I was then transferred to the operating room and asked if I was ready for a nap. A gas mask was placed over my mouth and nose and that was all I remember until waking up in the recovery room. After a short stay in the recovery room, I was transferred into my own room – the hospital insisted that I stay overnight because I had no one to take me home after surgery. I had assumed that, since this was outpatient surgery, I could walk home or ride the bus. It now appears that I grossly underestimated the effect that general anesthesia can have on a person, I was still groggy and in a lot of pain for several hours after surgery.

It seems that I have picked up a new package. Upon arrival in the recovery room, I was given a new backpack that contained all of the equipment and items necessary to operate and maintain a cochlear implant.
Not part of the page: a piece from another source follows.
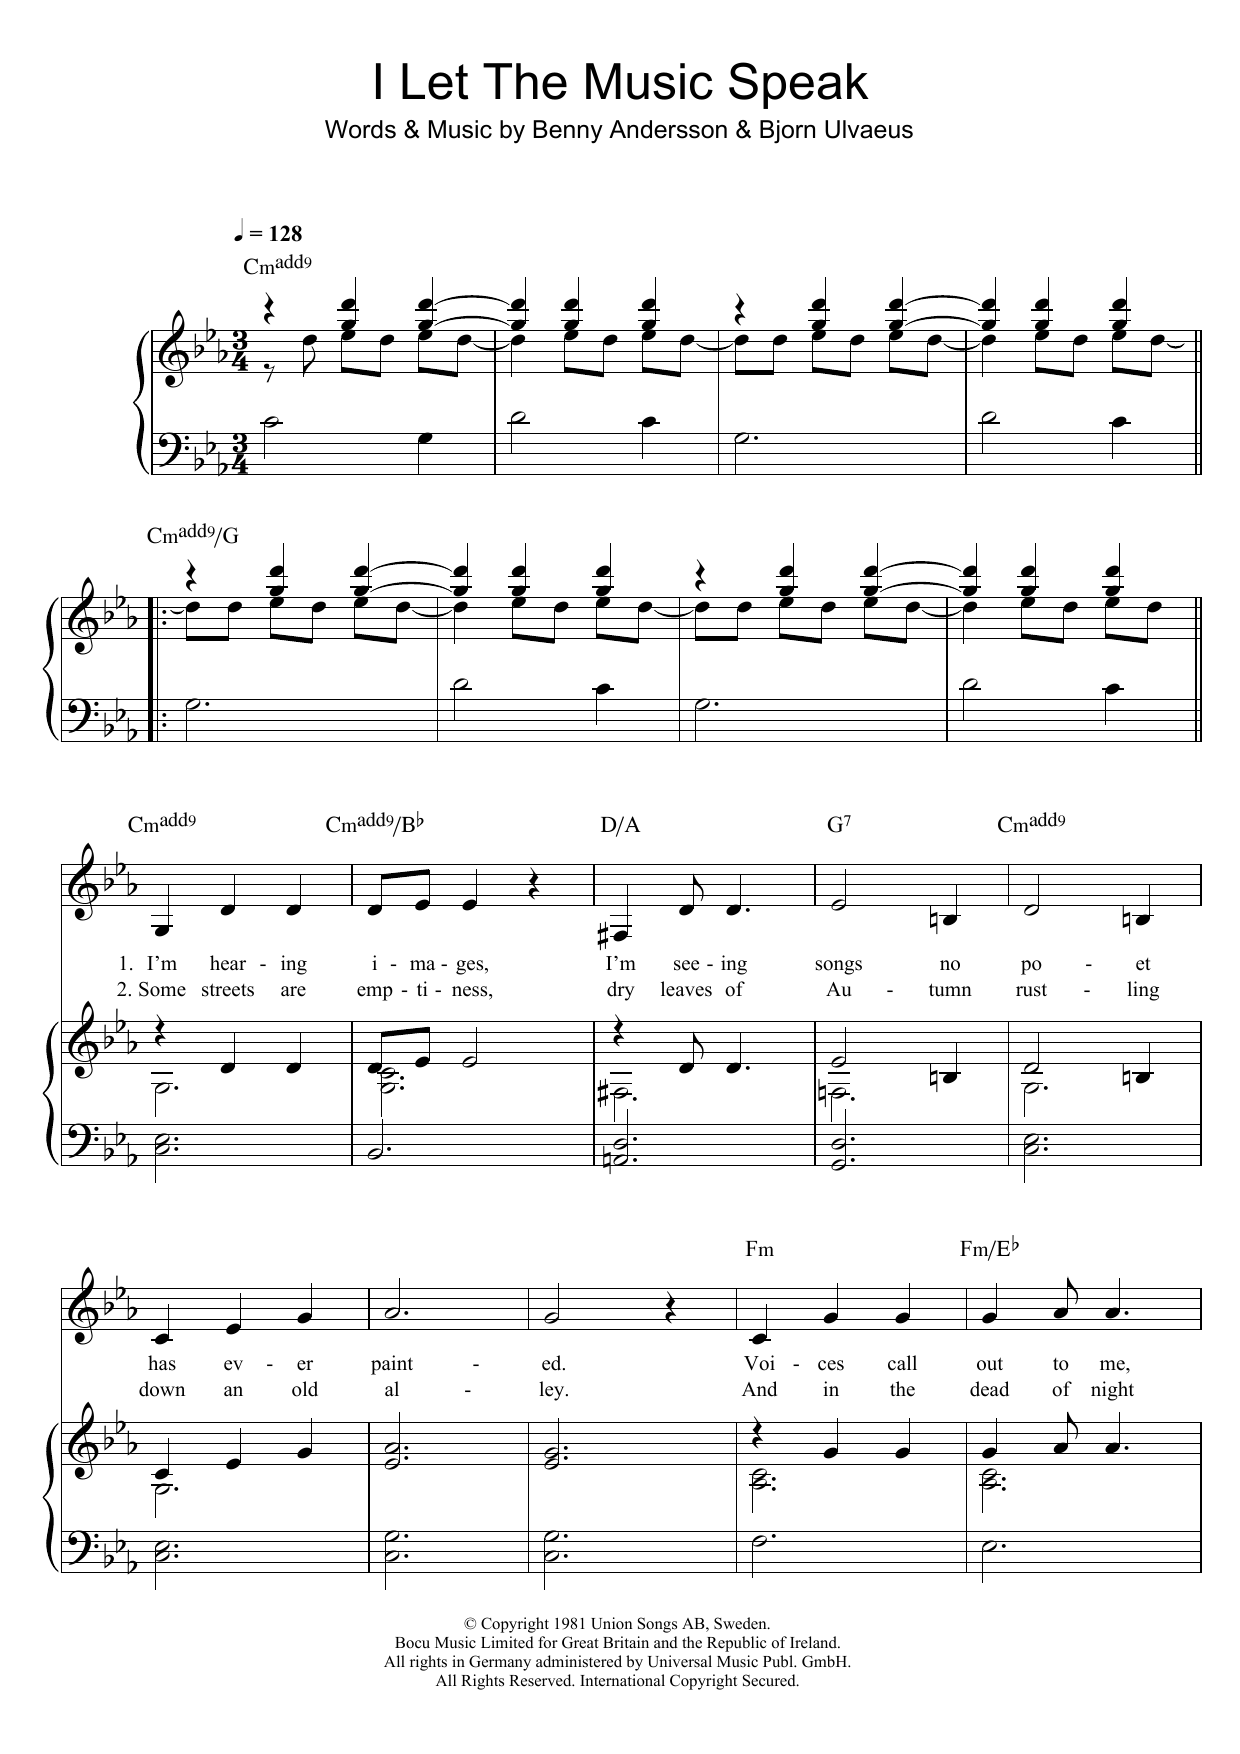 Download ABBA I Let The Music Speak Sheet Music

This new backpack came directly from the Cochlear company and has their logo embroidered on the back.

The overnight stay in the hospital was enjoyable. The medical professionals who cared for me were friendly, caring people and time seemed to pass more quickly than I expected. The hospital food was great, it tasted like it was prepared in a restaurant rather than a hospital kitchen. I don’t think I would have made it without this awesome team of medical professionals. This hospital is amazing!

I’m safe at home now and am surprised to find that there is little pain and swelling behind my right ear. The headaches can be harsh, though, so remember to keep taking all prescribed medication.

Next week: cochlear implant activation, testing and programming. Stay tuned!


November 15, 2017

Today is the day! Today is the day that my cochlear implant gets activated. I have been deaf for 25 years and I didn’t know what to expect when my brain tried to process sound again. Hopefully, it wouldn’t be too overwhelming.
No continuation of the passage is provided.